The equation considers a monomer mix of two components $M_{1}\,$ and $M_{2}\,$ and the four different reactions that can take place at the reactive chain end terminating in either monomer ( $M_{1}^{*}\,$ and $M_{2}^{*}\,$ ) with their reaction rate constants $k\,$ :

M_{1}^{*}+M_{1}{\xrightarrow {k_{11}}}M_{1}M_{1}^{*}\,

M_{1}^{*}+M_{2}{\xrightarrow {k_{12}}}M_{1}M_{2}^{*}\,

M_{2}^{*}+M_{2}{\xrightarrow {k_{22}}}M_{2}M_{2}^{*}\,

M_{2}^{*}+M_{1}{\xrightarrow {k_{21}}}M_{2}M_{1}^{*}\,

The reactivity ratio for each propagating chain end is defined as the ratio of the rate constant for addition of a monomer of the species already at the chain end to the rate constant for addition of the other monomer.^[2]

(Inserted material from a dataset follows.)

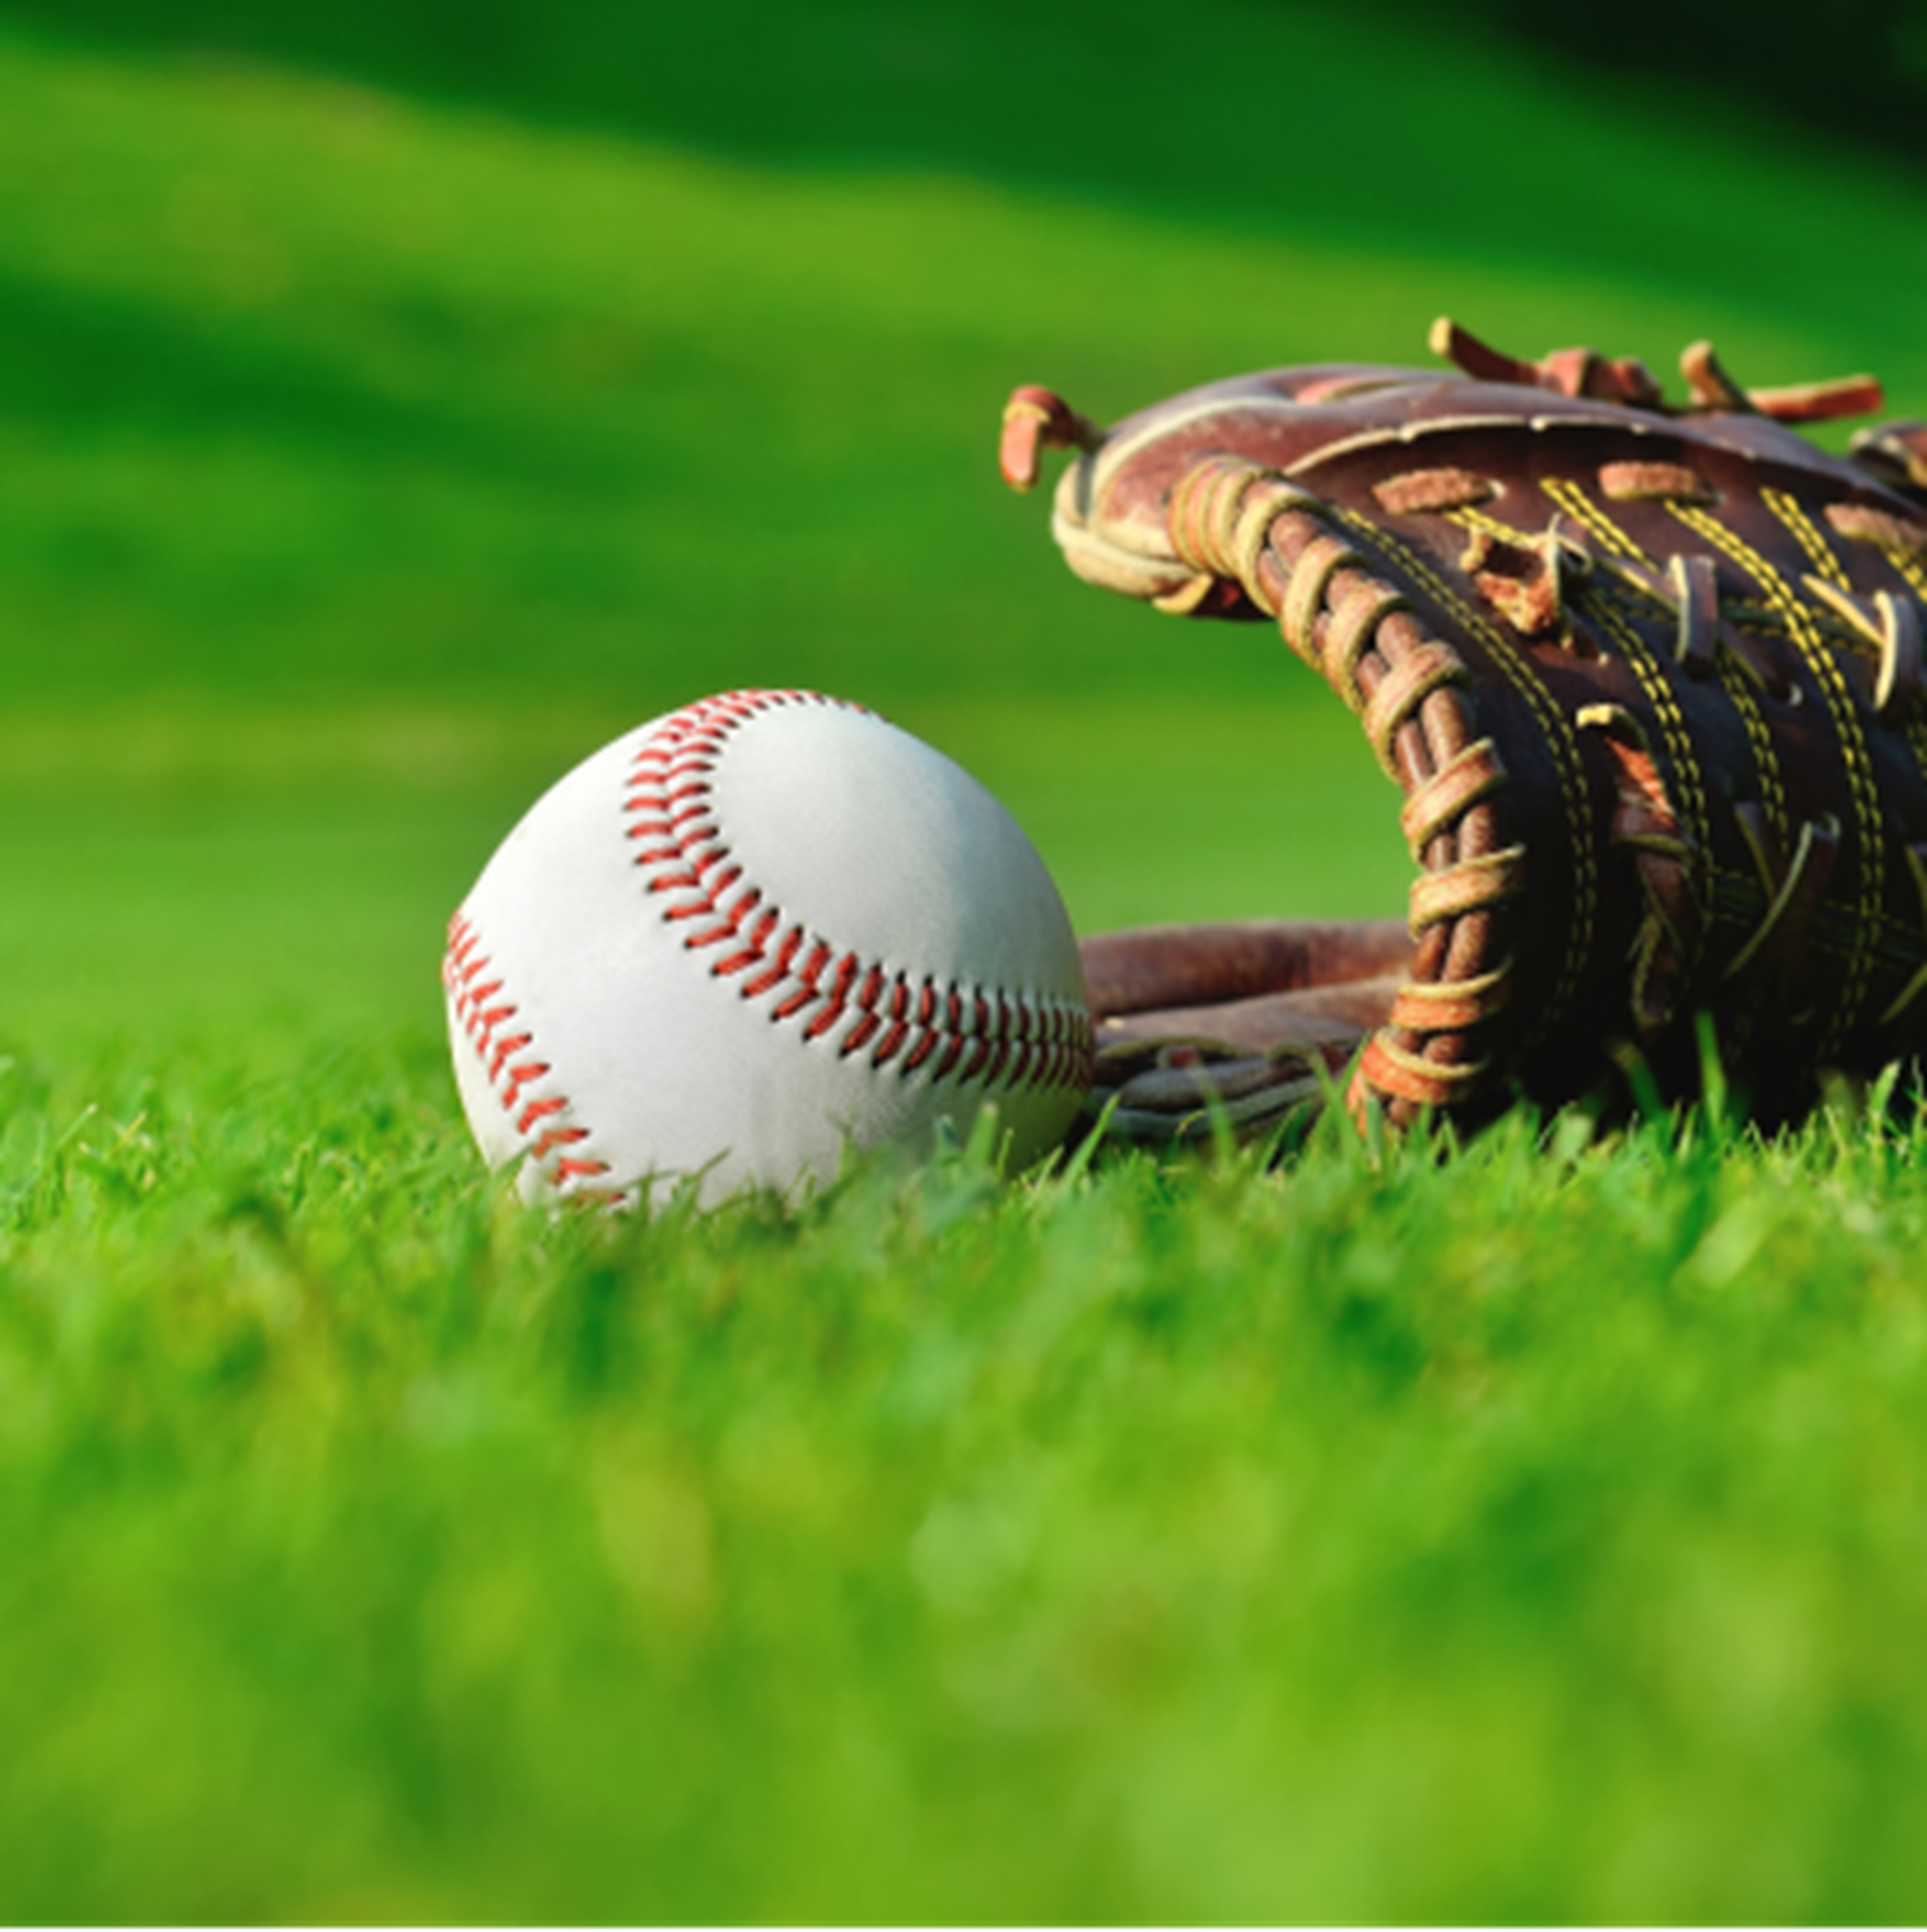 Baseball mitt and ball on grass lawn

r_{1}={\frac {k_{11}}{k_{12}}}\,

r_{2}={\frac {k_{22}}{k_{21}}}\,

The copolymer equation is then:^[3]^[4]^[2]

{\frac {d\left[M_{1}\right]}{d\left[M_{2}\right]}}={\frac {\left[M_{1}\right]\left(r_{1}\left[M_{1}\right]+\left[M_{2}\right]\right)}{\left[M_{2}\right]\left(\left[M_{1}\right]+r_{2}\left[M_{2}\right]\right)}}

with the concentrations of the components in square brackets. The equation gives the relative instantaneous rates of incorporation of the two monomers.^[4]

Equation derivation

Monomer 1 is consumed with reaction rate:^[5]

${\frac {-d[M_{1}]}{dt}}=k_{11}[M_{1}]\sum [M_{1}^{*}]+k_{21}[M_{1}]\sum [M_{2}^{*}]\,$

with $\sum [M_{1}^{*}]$ the concentration of all the active chains terminating in monomer 1, summed over chain lengths. $\sum [M_{2}^{*}]$ is defined similarly for monomer 2.

Likewise the rate of disappearance for monomer 2 is:

${\frac {-d[M_{2}]}{dt}}=k_{12}[M_{2}]\sum [M_{1}^{*}]+k_{22}[M_{2}]\sum [M_{2}^{*}]\,$

Division of both equations by $\sum [M_{2}^{*}]\,$ followed by division of the first equation by the second yields:

${\frac {d[M_{1}]}{d[M_{2}]}}={\frac {[M_{1}]}{[M_{2}]}}\left({\frac {k_{11}{\frac {\sum [M_{1}^{*}]}{\sum [M_{2}^{*}]}}+k_{21}}{k_{12}{\frac {\sum [M_{1}^{*}]}{\sum [M_{2}^{*}]}}+k_{22}}}\right)\,$

The ratio of active center concentrations can be found using the steady state approximation, meaning that the concentration of each type of active center remains constant.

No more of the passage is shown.